André de Laval-Montmorency (c. 1408 – 1485), seigneur de Lohéac, was a Breton knight and a Marshal of France. He was the son of Guy XIII de Laval and Anne de Laval, and a leading member of the House of Laval.

In 1423 he served in the French army against England and fought in the Battle of La Brossinière where he was knighted. He wielded the sword of Bertrand du Guesclin, a symbol of Breton support for France which he had inherited from his maternal grandmother, Jeanne de Laval, who was the widow of the famous constable. In 1428 André was taken prisoner by John Talbot, 1st Earl of Shrewsbury, after the capitulation of Laval, which he was defending. After paying his ransom he was present with Joan of Arc at the Siege of Orléans (1428–1429), at the Battle of Patay, and at the coronation of Charles VII. He was made admiral of France in 1437 and marshal in 1439.

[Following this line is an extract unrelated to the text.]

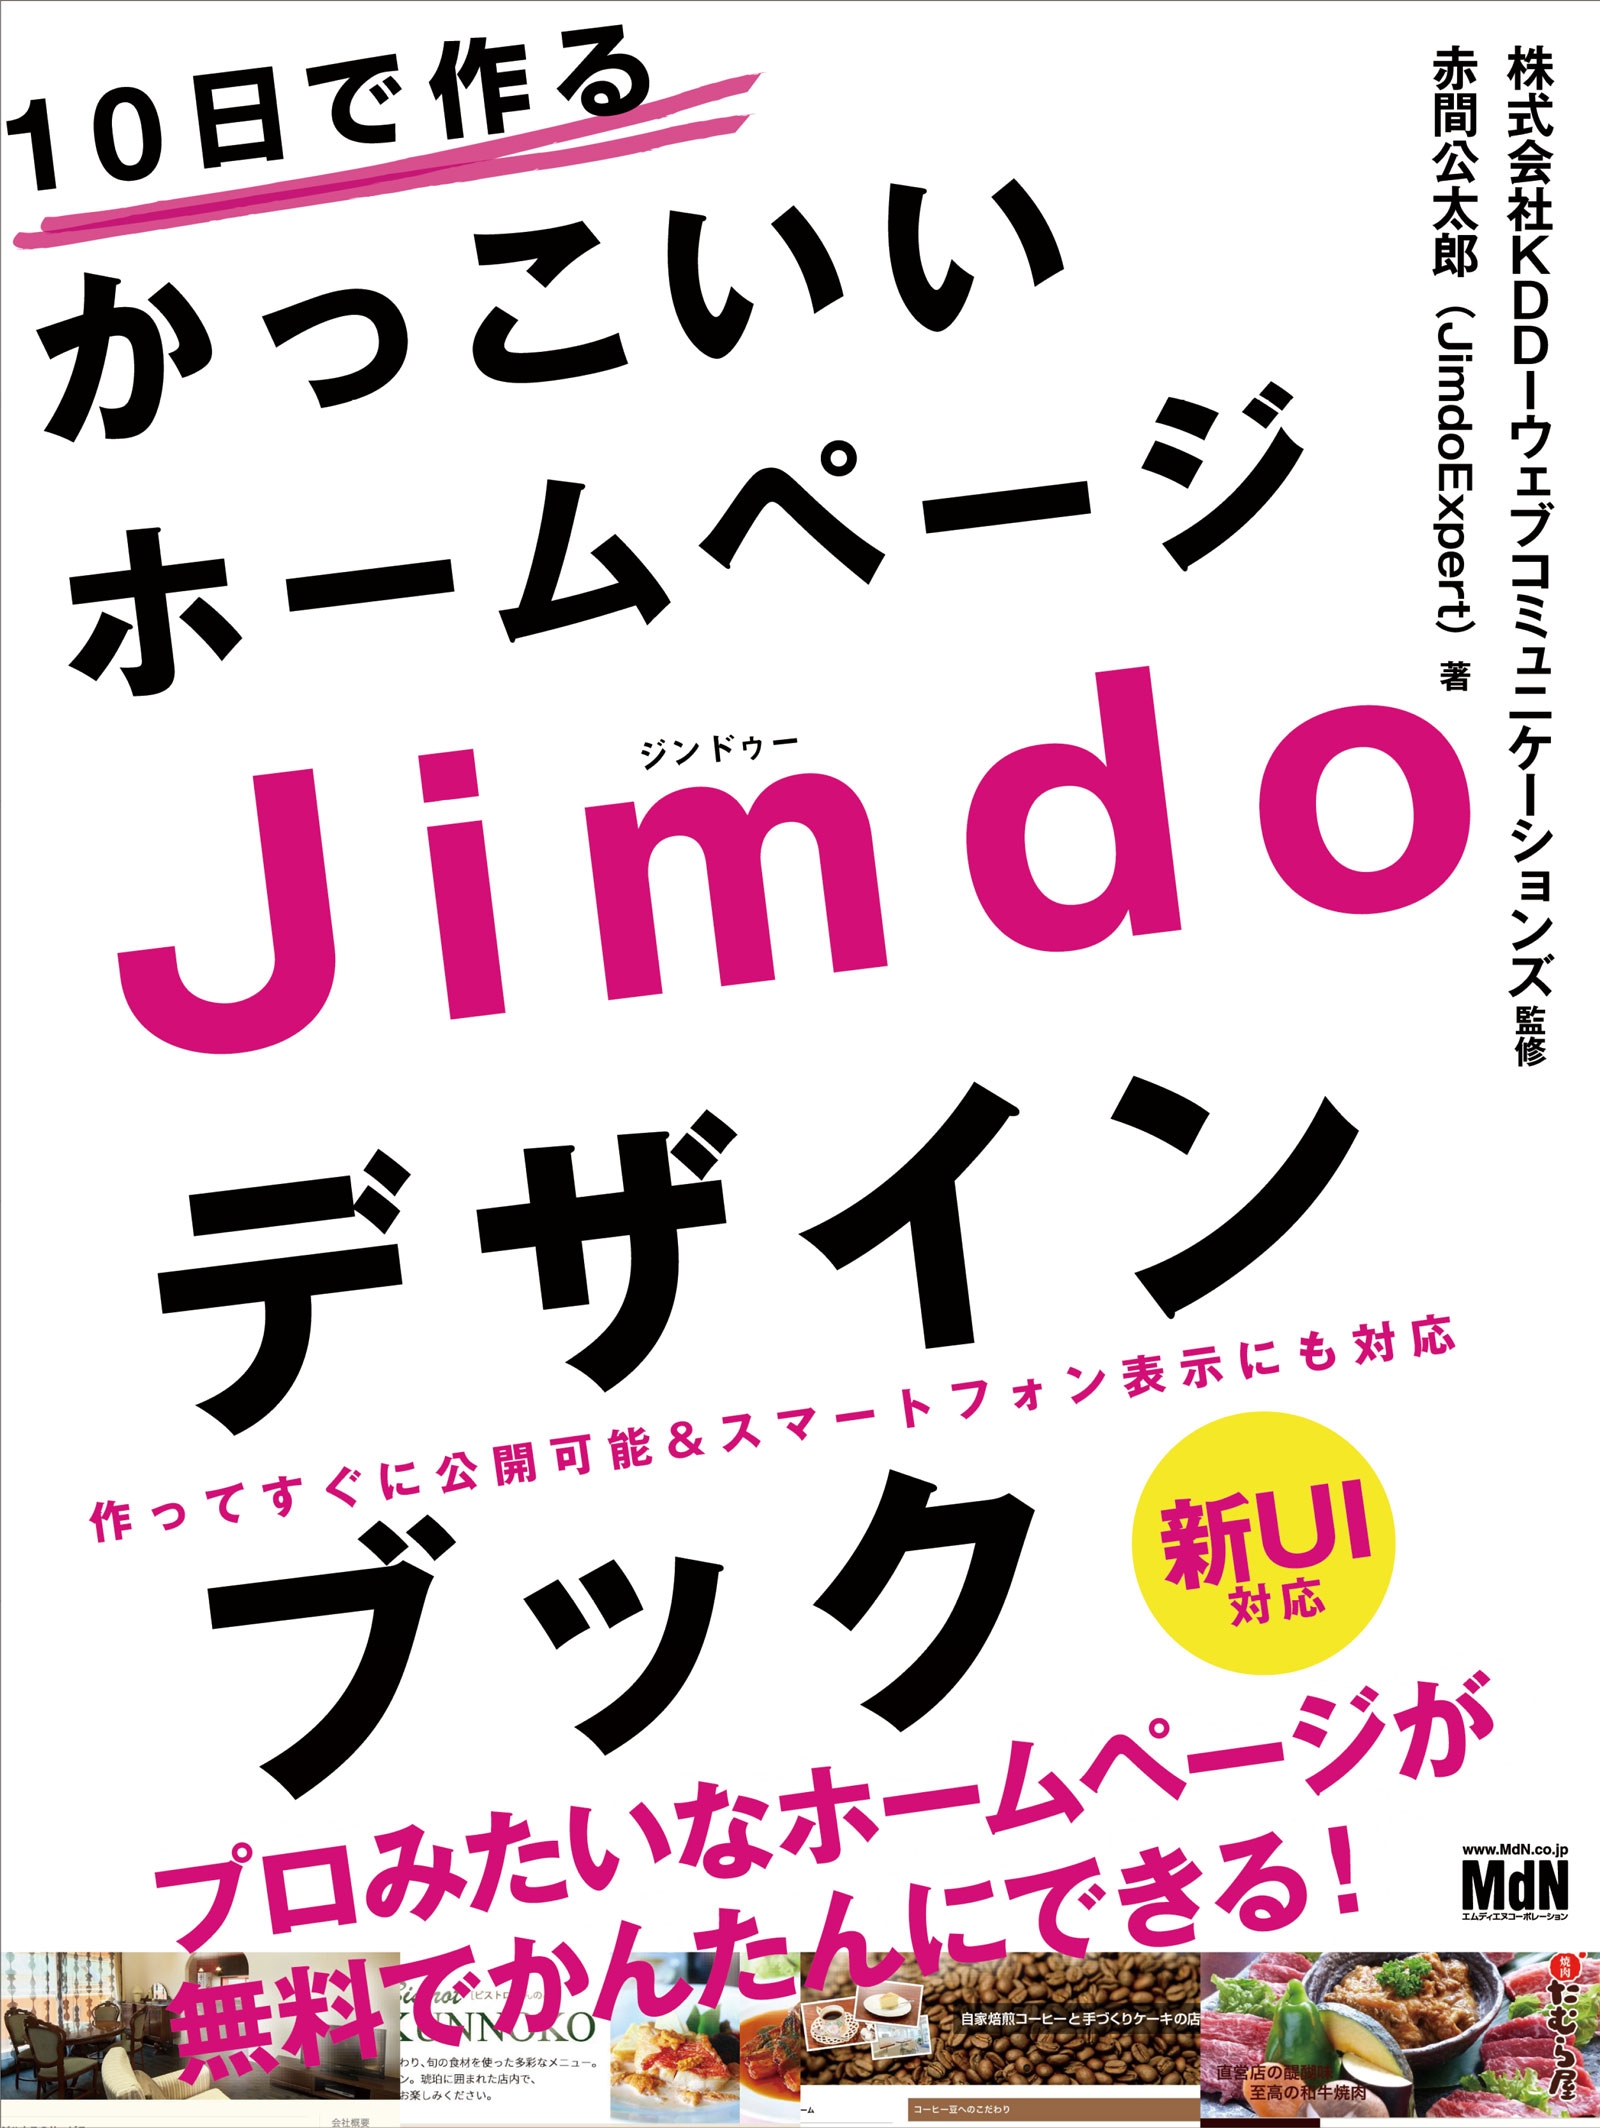 10日で作るかっこいいホームページ Jimdoデザインブック - KDDIウェブ
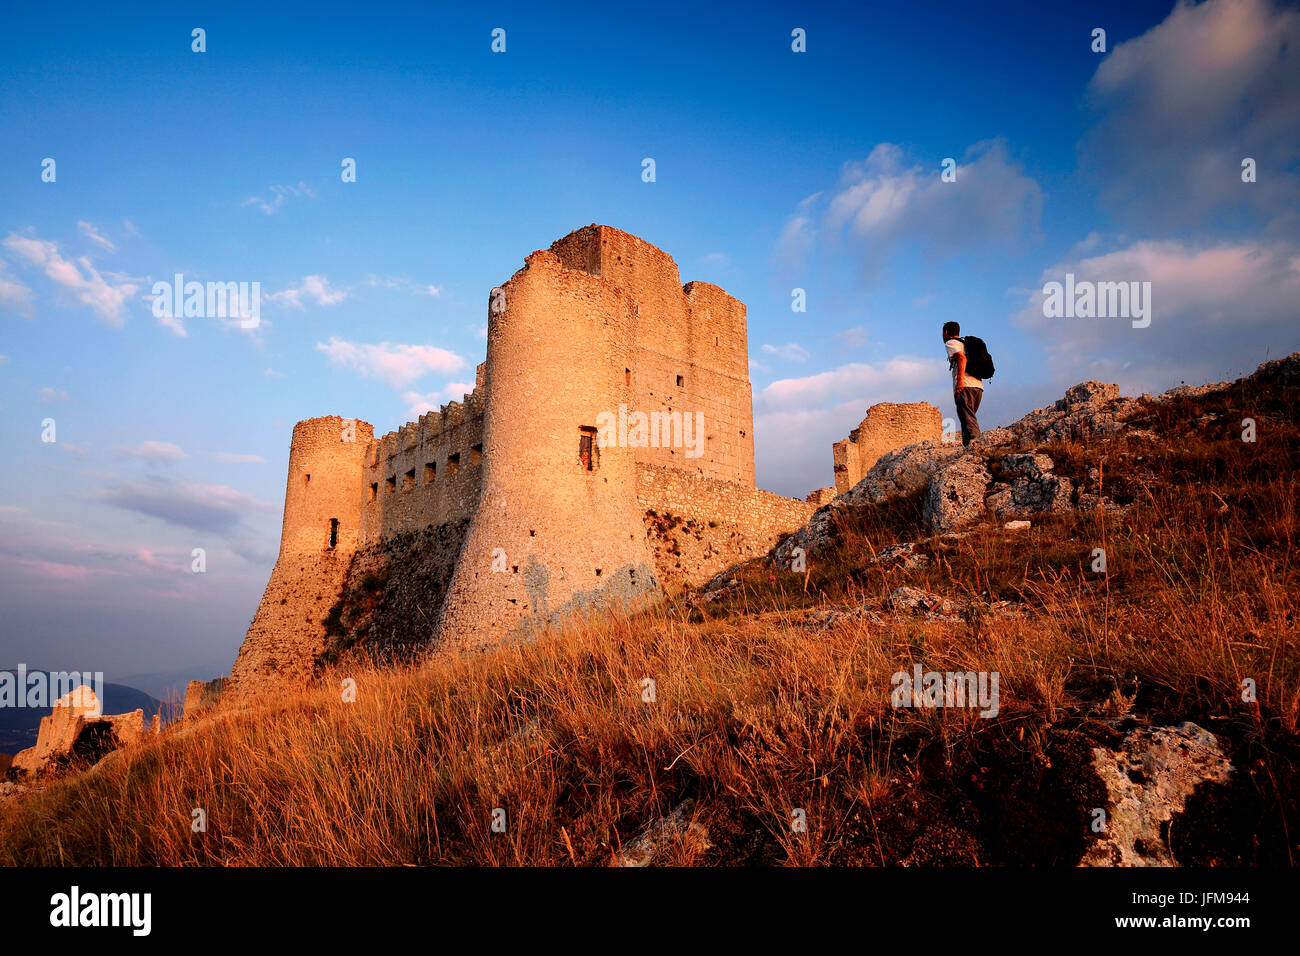 Antico castello medievale di Rocca Calascio al tramonto, l'Aquila district, Abruzzo, Italia Foto Stock

He served Charles VII faithfully in all his wars, even against the dauphin (1456), and when the latter became king as Louis XI, Laval was dismissed from the marshal's office. After the War of the Public Weal he was restored to favor, and recovered the marshal's baton, the king also granting him the offices of lieutenant-general to the government of Paris and governor of Picardy, and conferring upon him the collar of the Order of St Michael. In 1472 Laval was successful in resisting the attacks of Charles the Bold, duke of Burgundy, on Beauvais.

André married Marie de Rais, also of the House of Laval, and daughter of Gilles de Rais.